▶ _YOUR INSTRUCTIONS_
Down to the last line of the listing, starting at the one with "Pair of wooden", retype each line exactly. Do not copy the pictures.

▶ _DATA EXTRACT_
********

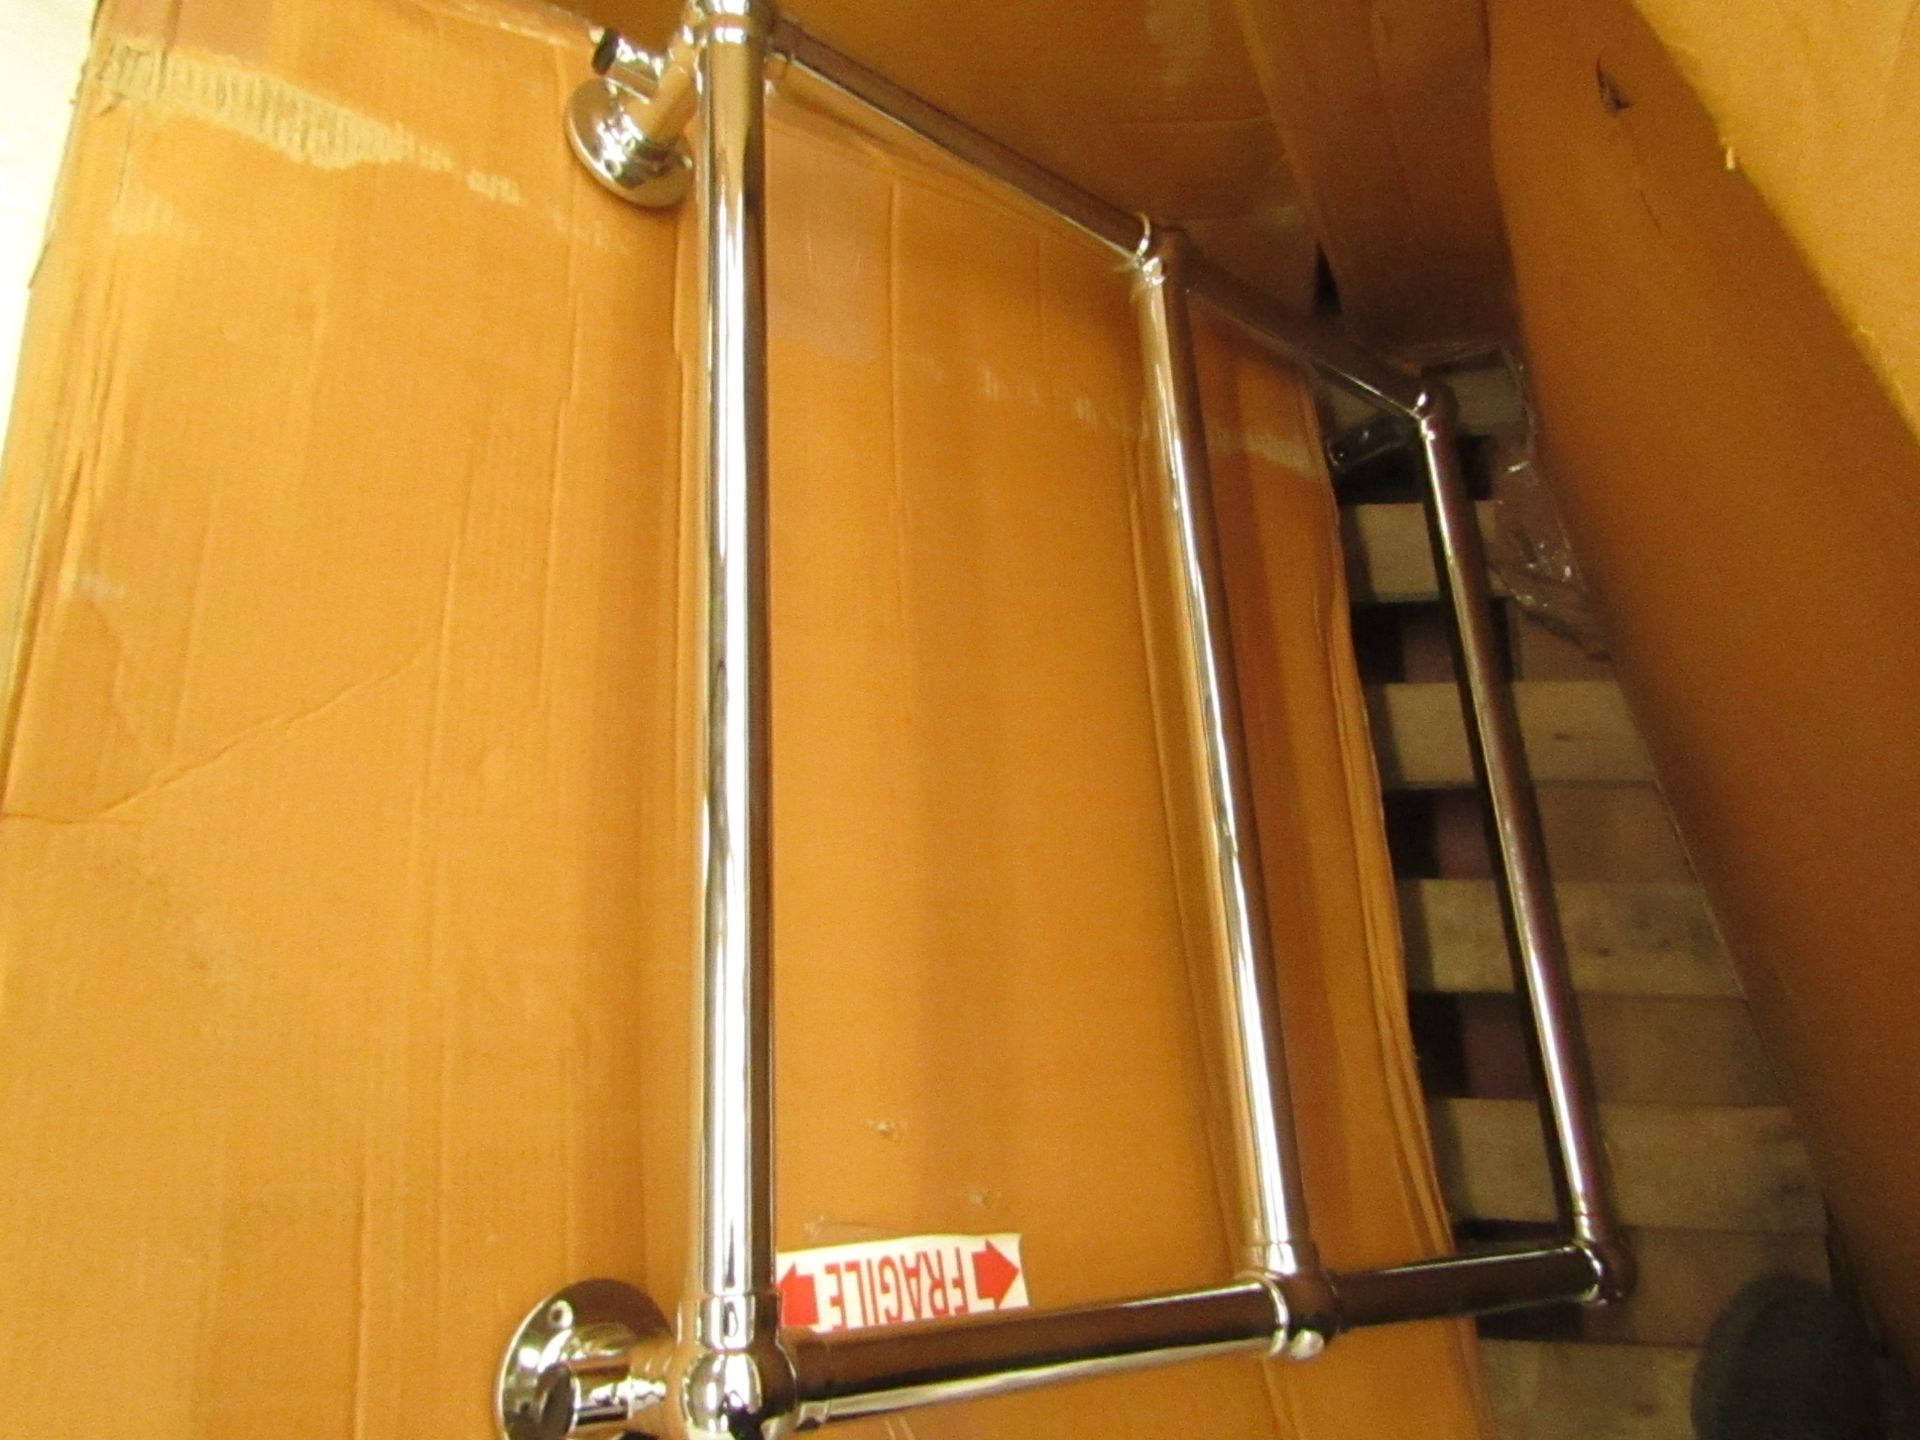 Hew Aster 685 x 685 towel radiator, item is unchecked and may contain marks, cosmetic damage and
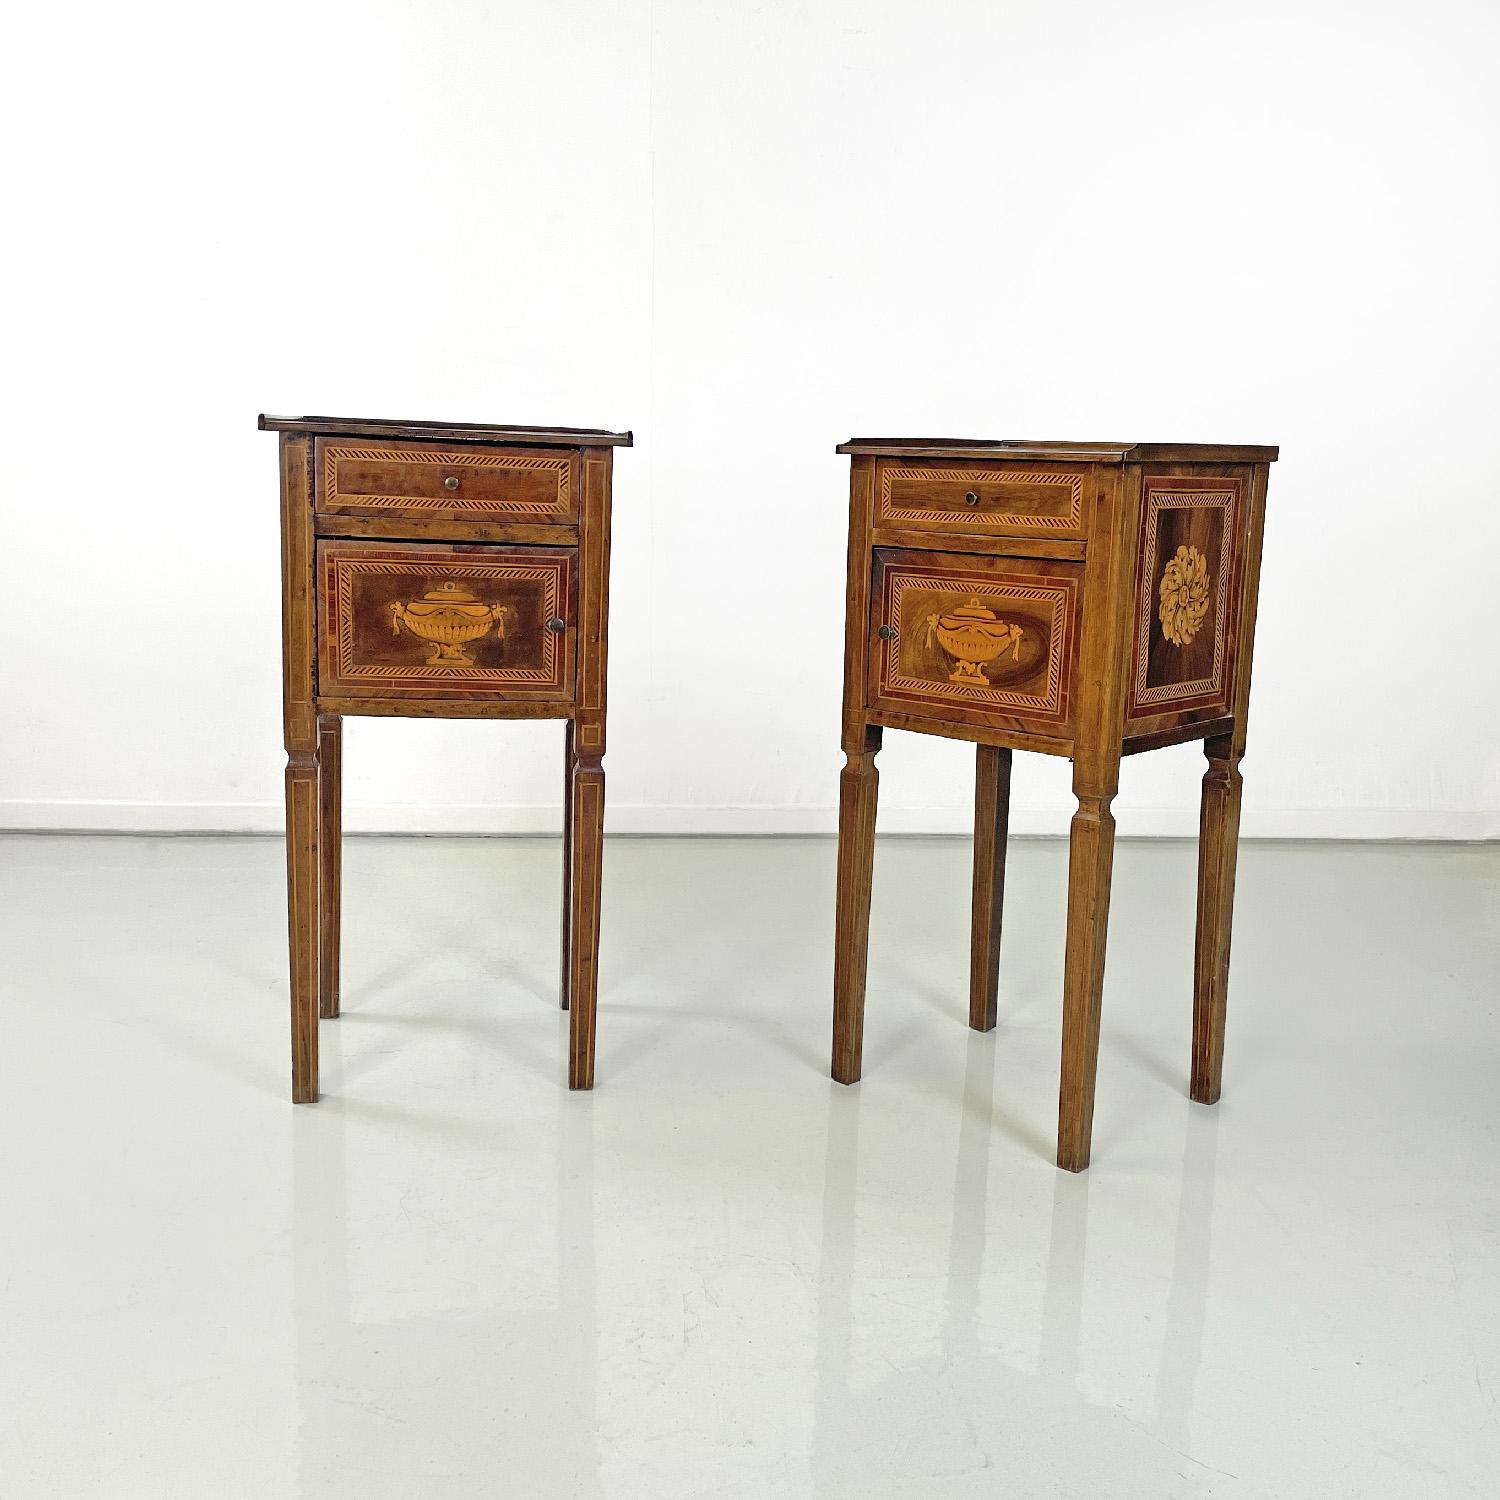 Italian antique wooden bedside tables with inlaid floral decorations, 1750s
Pair of wooden bedside tables with inlays. The top is rectangular and has a slightly raised edge on three sides, in the center there is an inlaid floral decoration
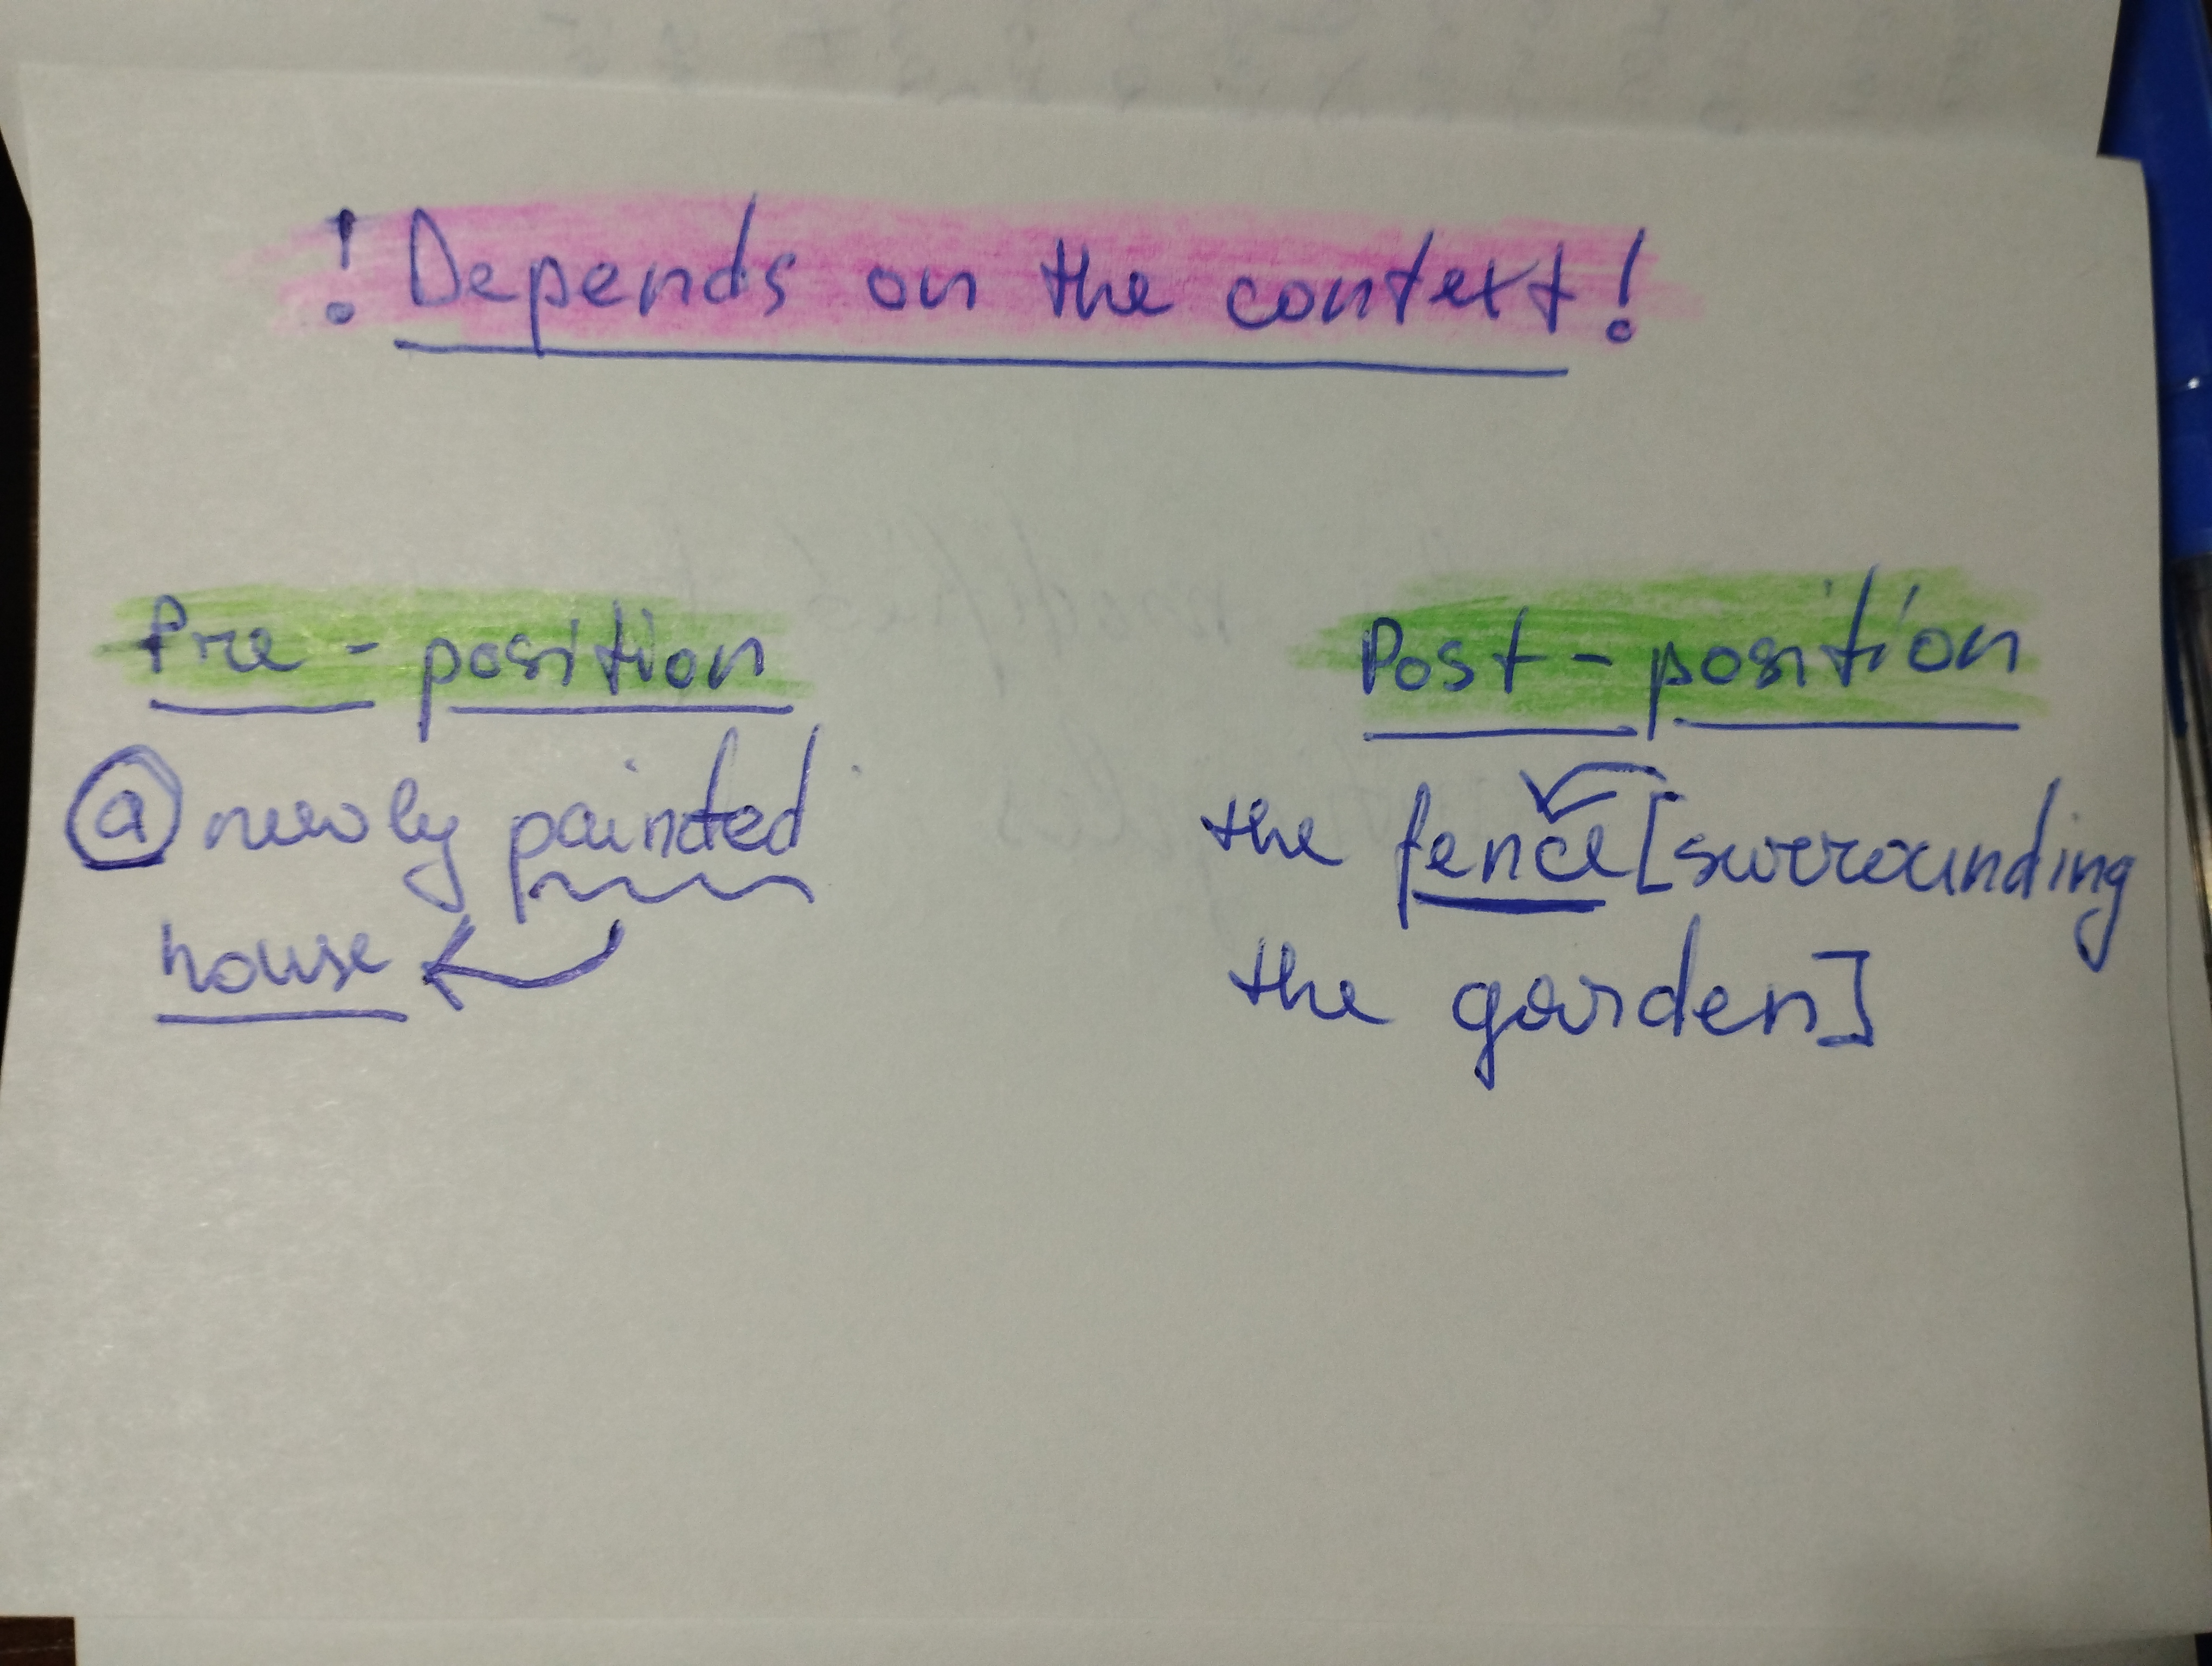 <p>Depends on the context. Participles: Pre-position (a newly painted house); Post-position (the fence surrounding the garden)</p>

********

▶ _RESPONSE TO THIS EXERCISE_
Pair of wooden bedside tables with inlays. The top is rectangular and has a slightly raised edge on three sides, in the center there is an inlaid floral decoration
 <p>Depends on the context. Participles: Pre-position (a newly painted house); Post-position (the fence surrounding the garden)</p>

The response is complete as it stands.